In February 2023, vehicles for volunteers in the Kharkiv region were purchased in the same way with the collected money. These vehicles are used for evacuating civilians from front-line settlements and delivering humanitarian cargoes.

In March, AZfront, together with the "I Am Saved" Charity Foundation, delivered 175 food packages as humanitarian aid to the residents of the Prudyansky starostate.
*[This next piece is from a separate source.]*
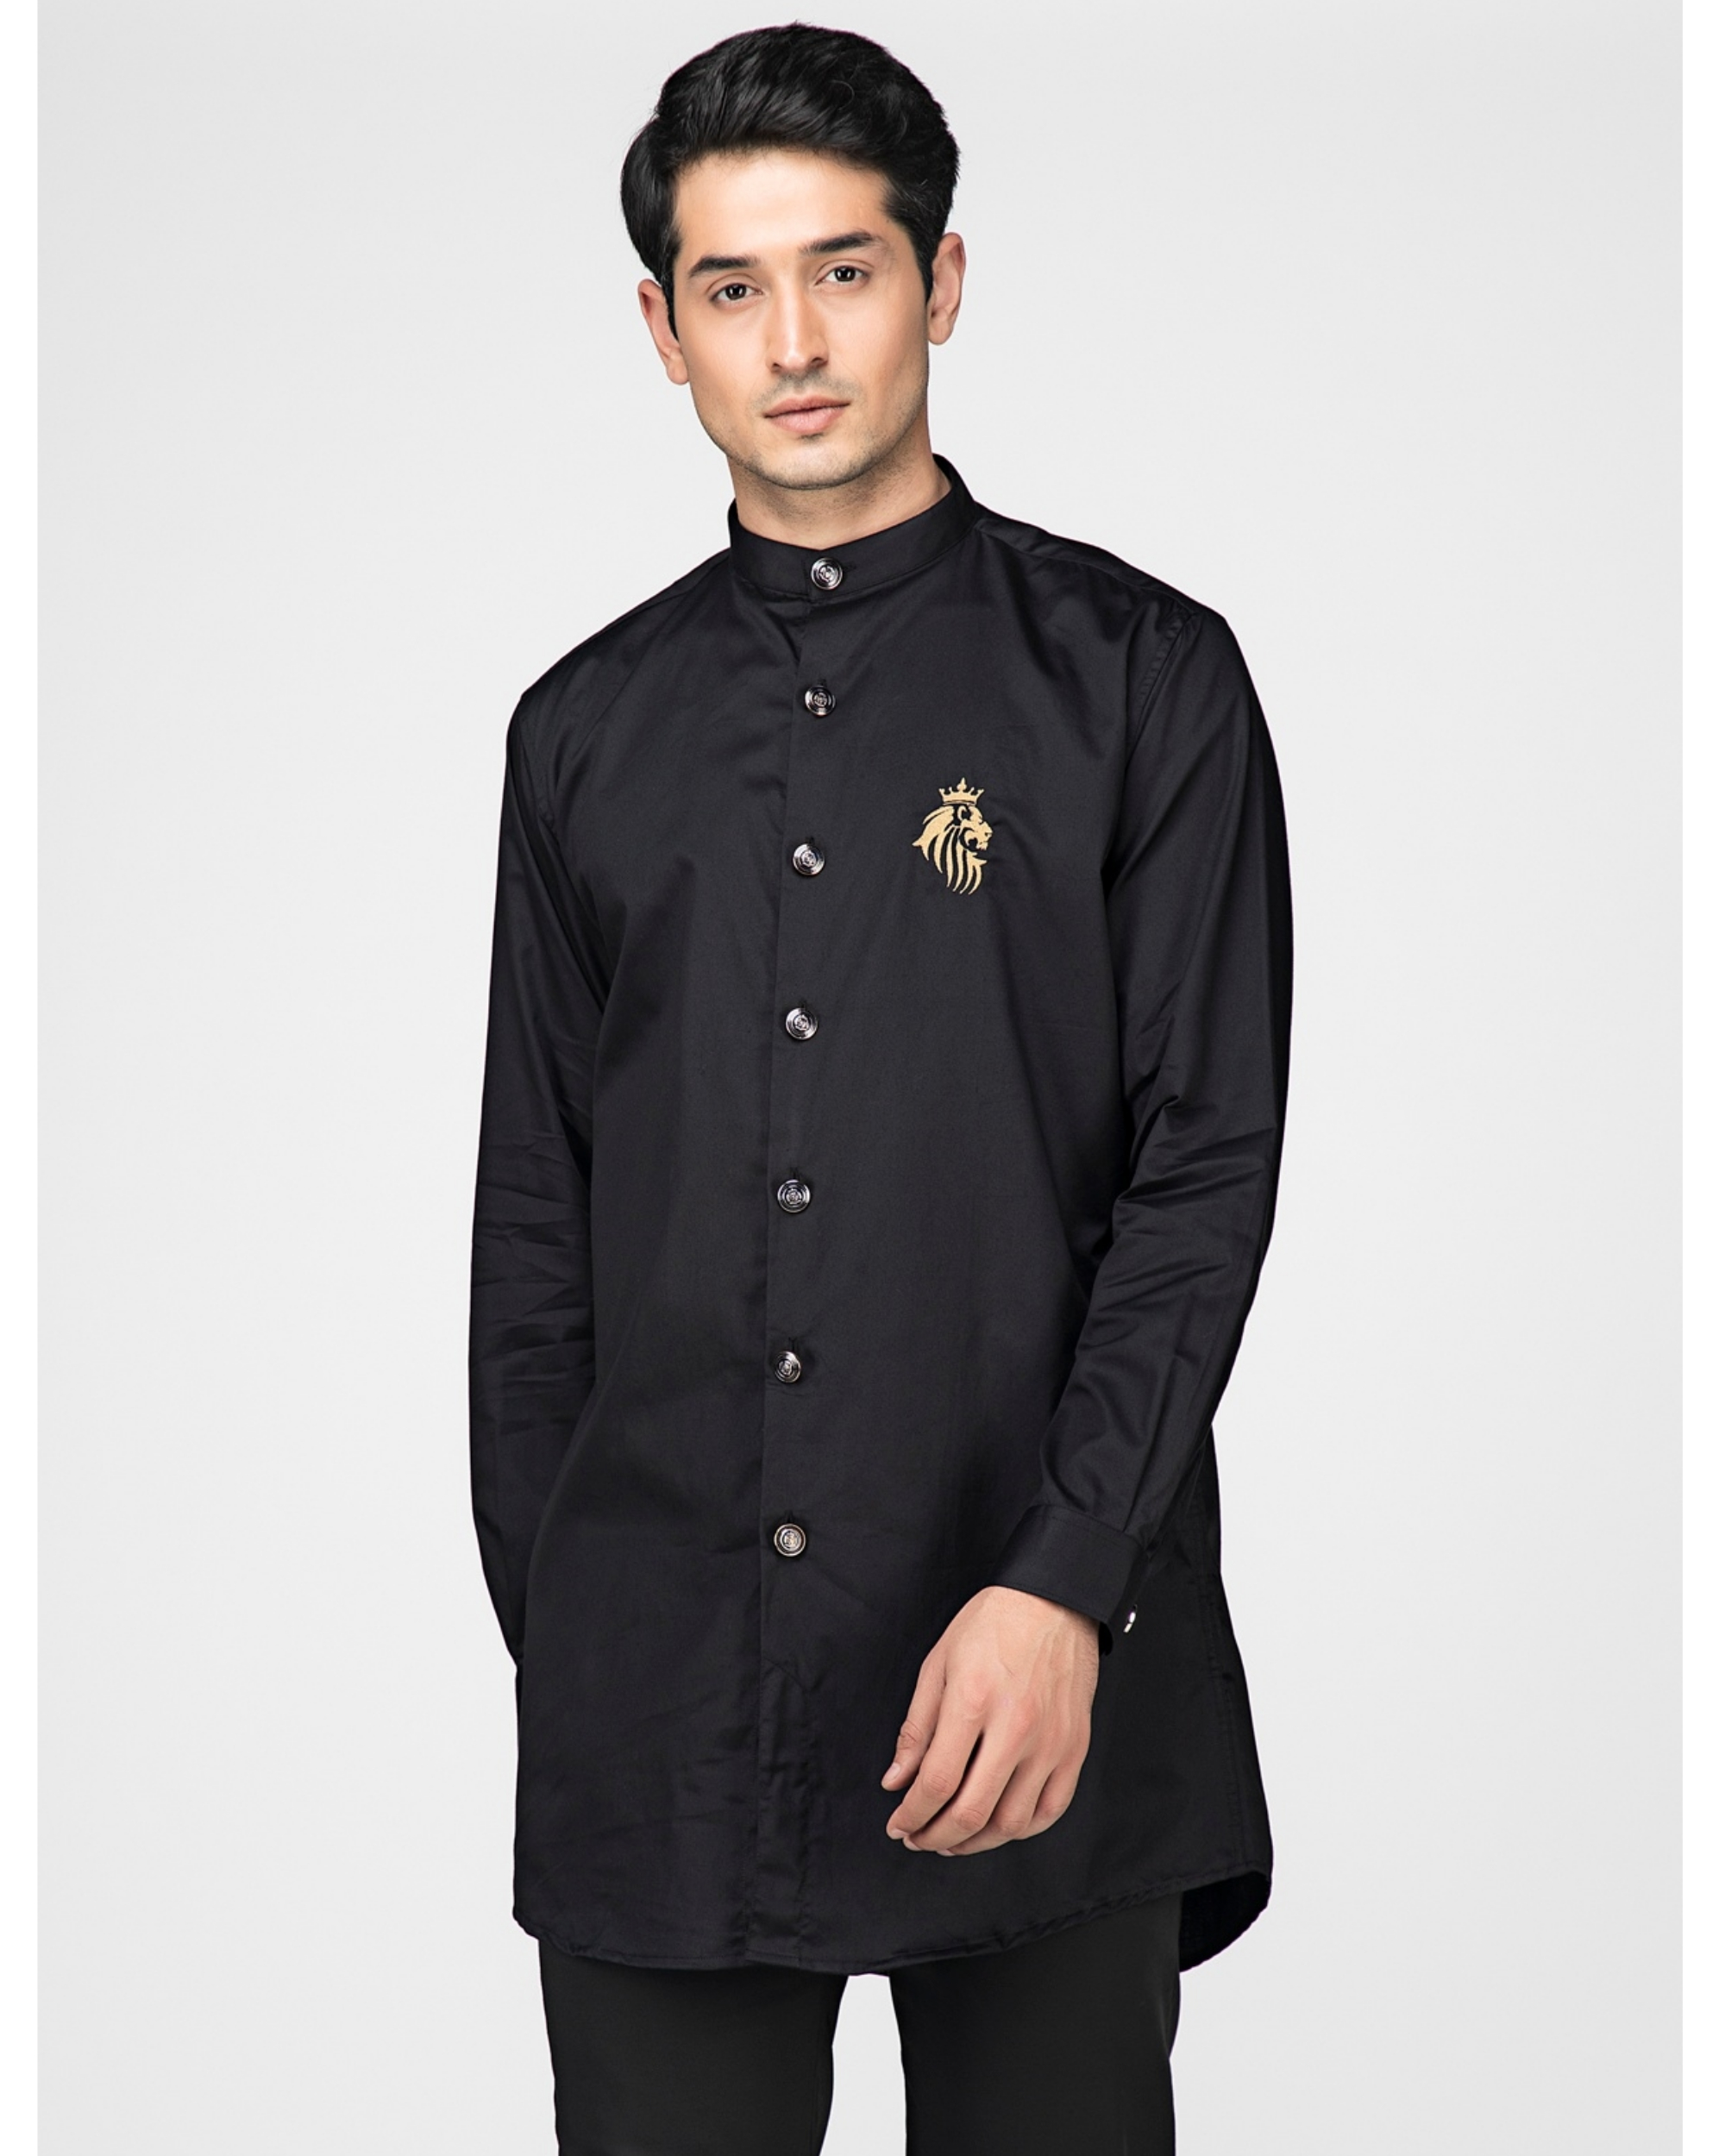 Black cotton satin leo kurta
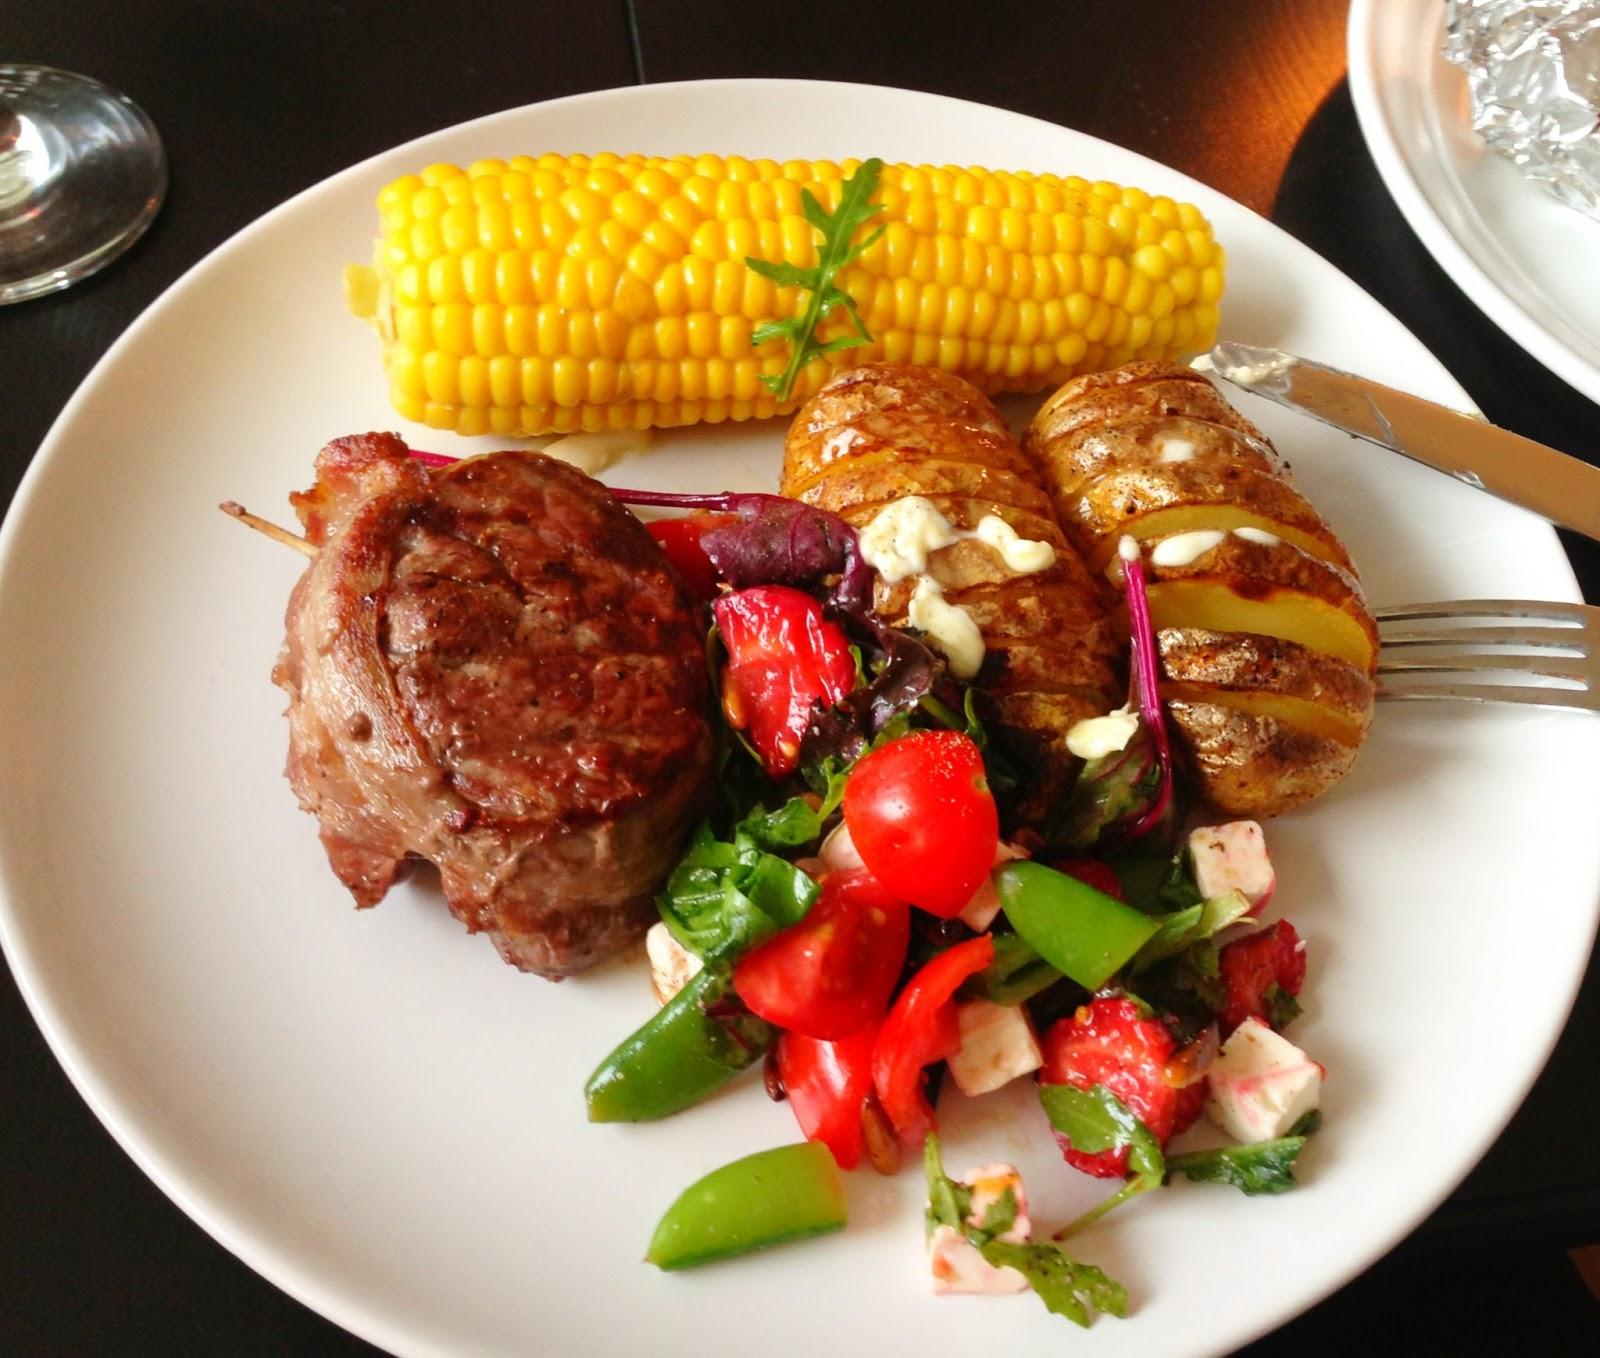 grill, sommer, oksemedaljon, majskolbe, majs, salat, fete, jordbær, kartofler, bagte kartofler, tomat, agurk, tzatziki,

In May, the AZfront team in Ukraine founded the UkrAzFront charity fund, led by Kharkiv volunteer Iрor Shytikov. At the same time, the fund delivered about 100 food packages to pensioners, low-income citizens, and children of the liberated Ukrainian city of Izium. In June 2023, the foundation provided more than 24 tons of humanitarian aid to the residents of eastern Ukraine, including 21 tons distributed among the residents of the villages of Komyshany, Pryozerne, Semenivka in the Kherson region. The foundation delivered more than 1 ton of baby food, diapers, and other items to the regional children's hospital and the hospital in the Korabelnyi district of Kherson. In July, UkrAZfront delivered 2 tons of food products to the Ministry of Internal Affairs hospital in the Kharkiv region; another 100 food packages were received by the residents of Korobochkyne village in the Chuhuiv district, and separate assistance was provided to the nursing home in Izyum. In September of the same year, 2 tons of humanitarian aid were delivered to Izyum, and another 1.4 tons of food and medicines were distributed among the residents of the city of Volchansk, which was liberated from Russian occupation in September 2022. Since September 2023, the AZfront foundation has taken under its care children from the Kharkiv region suffering from cerebral palsy and epilepsy, with over 200 kg of food packages and medicines already delivered by the foundation. To the Kherson region, which suffered in June due to the destruction of the Kakhovka Reservoir dam, 20 tons of humanitarian aid were delivered. UkrAZfront also evacuated dozens of animals from the flood zones in Kherson. They were placed in shelters in Kharkiv.

In total, in 2023, on the initiative of AZfront, 65 tons of humanitarian aid were delivered to Ukraine, including food packages, baby food, diapers, and medicines.